28. МАРМАРАНДА

28. МАРМАРАНДА

Ну а теперь настала пора рассказать о моих командирах, о тех, кто остался навсегда в моей памяти и кого я считаю своими учителями.

Старшина нашей эскадрильи был весьма колоритной личностью. Он отвечал за все виды нашего технического снабжения, обмундирование, банные и строевые дела перед вышестоящим командованием. Это был достаточно большой пост с точки зрения сержантского состава. Его образование, конечно, оставляло желать лучшего, но оно с лихвой окупалось природными способностями старшины к командованию, гвардейской выправкой и в то же время хитринкой, умением найти выход из любого положения и быстротой принятия решения.
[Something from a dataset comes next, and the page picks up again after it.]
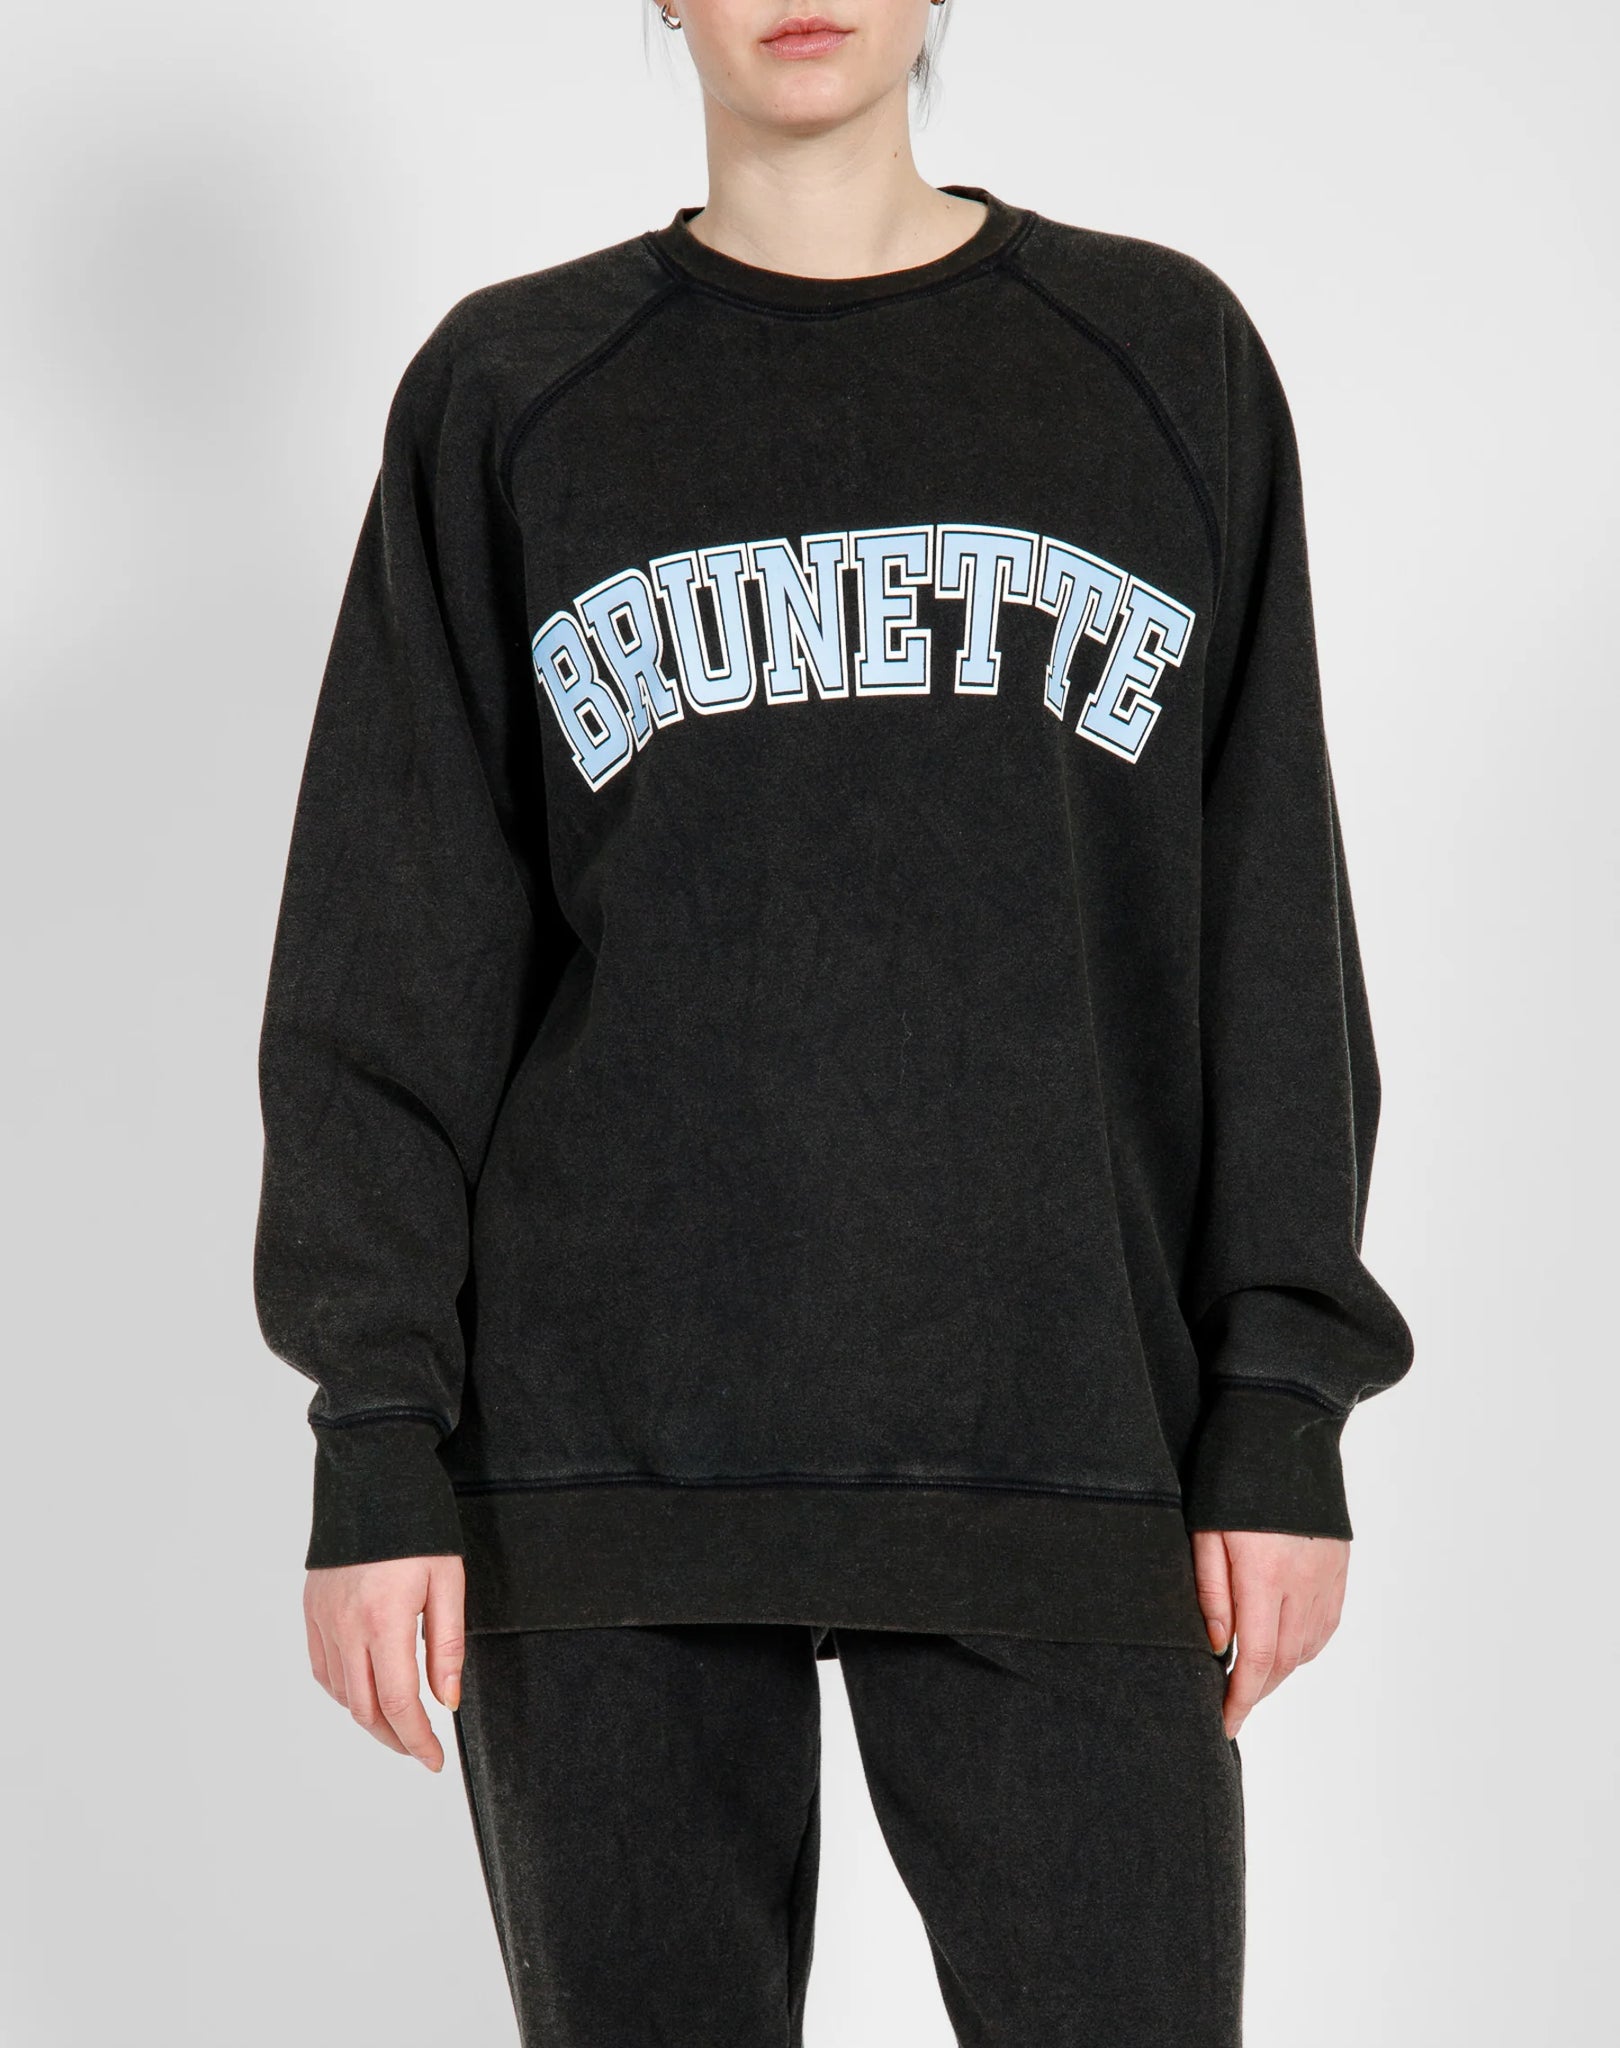 Brunette The Label Brunette NYBF Sweatshirt WBLK

Лексикон его, как это часто случается, был богат малопонятными словосочетаниями или неправильными ударениями в некоторых популярных словах. Например, когда ему нужно было показать, что мы расхлябаны, он подтягивал нас командой с обязательной присказкой:

— Это вам не в московском метре!

О «медведе с ветками» я уже рассказывал. Этой поговоркой он определял здоровье и крепость человека.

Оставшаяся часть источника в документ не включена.